I am convinced most people around the world in all their variety have flawed attitudes about the current viral epidemic, that is, that our attitudes have an incompletion and insufficiency.
I hope to prove and show that the people should not be complacent and this should be a time not merely to don an added cloak, an added badge of accommodation (the similitude I am trying to express of the insufficient attitudes) while remaining as they were before, remaining unchanged. Rather, I hope people of all varieties can be moved to think and feel deeply in heart and mind and emotions. Effort should be made, whilst being patient, restrained and fair, to understand the current events and contexts in crucial and paramount terms.
A discussion of current events in terms of Monotheistic theology, nontheistic Eastern religion, and the superficially non-monotheistic traditions of the West, should not be dismissed. They may all contain aspects of understanding which should be utilized.
The virus and its discussion should not be merely conflated with and devolve into the same flawed old modes, for example, of 1. hyperpartisanship (which these past years, evidence would support, being largely devoid of substance) or of 2. political correctness and middle class bourgeois modes (which, historical evidence would show, has also exhibited problematic characteristics, over the last one hundred and fifty years in, at a minimum, the Western World).
A lot of the "scientific" and "epidemiological" knee jerk reactions to any suggestion of politics and religion, are in fact, themselves reactionary defensive behavior (not entirely unjustified, when those suggestions are themselves unthinking, foregone and rote) and insubstantial.
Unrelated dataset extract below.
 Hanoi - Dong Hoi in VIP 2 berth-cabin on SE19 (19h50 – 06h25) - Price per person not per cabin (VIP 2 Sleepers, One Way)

The virus indeed should make mankind and the many nations reflect upon their moral,
social, ecological, environmental, technological organization and manners. Patience, restraint and fairness is needed because, for the most part, people at wide are, functionally, always operating under limits of some kind. Life is like this and we have to take inspiration from the Polynesians and their navigation, that is, to navigate under imperfect circumstances, to seek after knowledge and solutions even when we are operating under uncertainty and in the unknown.
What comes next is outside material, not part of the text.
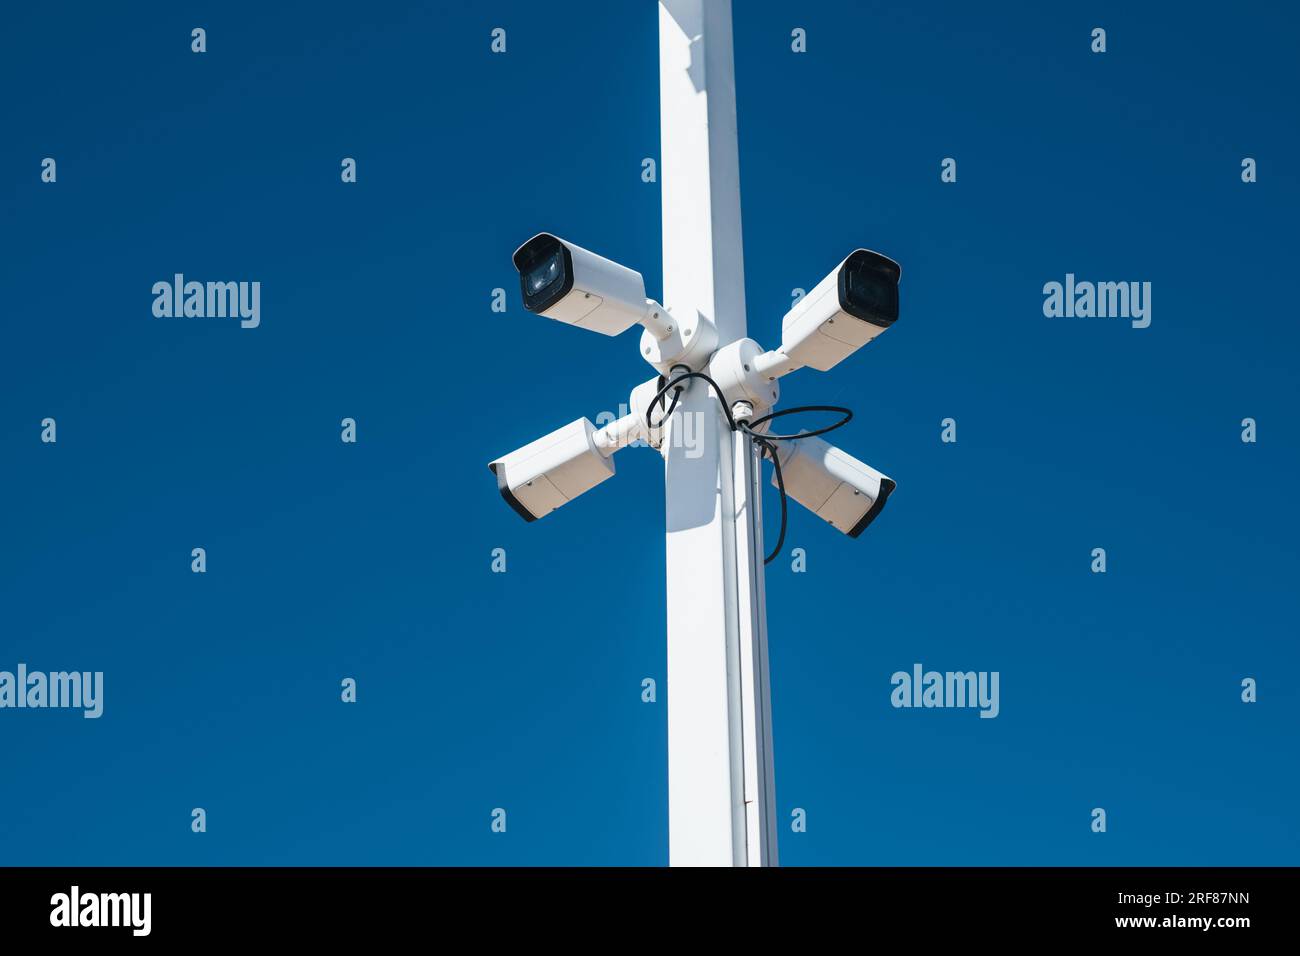 Security video cameras on a pole on blue sky background Stock Photo

If the virus is man-made and part of international politics, it has occurred in the arena of the always present arms race and strategic dynamics of the many nations who possess many armaments. Thus, the age old question of War returns, and with it, all the other questions, of ideology, morals, human nature, societal structure, disease and epidemiology, etc.
If the virus is from nature, we have to understand that man is an active variable in the outcomes of the environment. To the extent that mankind is both an active variable and not an active variable, these both are relevant. They both should be relevant and urge us on to greater contemplation of nature alone and man and civilization within nature.
If the virus is of divine origin, we still have to contemplate all these aforementioned questions as variables within our theological calculations and reflections. The monotheistic religions feature strongly the variable of mankind's free will and how mankind uses their reflective capacities and their capacities, i.e. all the aforementioned matters, in the world.
Socrates (or Plato, depending on what your interpretation of authorship is) said, in Plato's Republic, that philosophy should be practiced by the best of the best. It had/has gotten a bad reputation precisely because chumps practice it and that society/societies don't take it seriously and give it enough support and endorsement.
For all the times philosophy has been discredited, say, through some of Aristotle's
erraneous scientific theories, the older Greek philosophers got many of those aspects correct (as did philosophers of other nations!), and, in hindsight, all the so-called hard sciences and some of the auxiliary sciences have themselves, in fact, made grievous errors in their histories, with some of the most harrowing being of very recent times.
Mankind should make progress in understanding the intertwined relationship between
the races and the languages and the nations and the architectural geometric nature
of their composition and inter-composition. This expresses my meaning, when the Inspired
Word came to them, "Let no nation on earth think it above the others."
The technology, forums, affluence, freedom and amity among people, enjoyed in this era, is a great blessing and opportunity. We should not let the opportunity pass to facilitate sincere dialogue among interdependents and equals. This communication and debate is important to our civilizations and its fruits and activities must transcend petty agendas.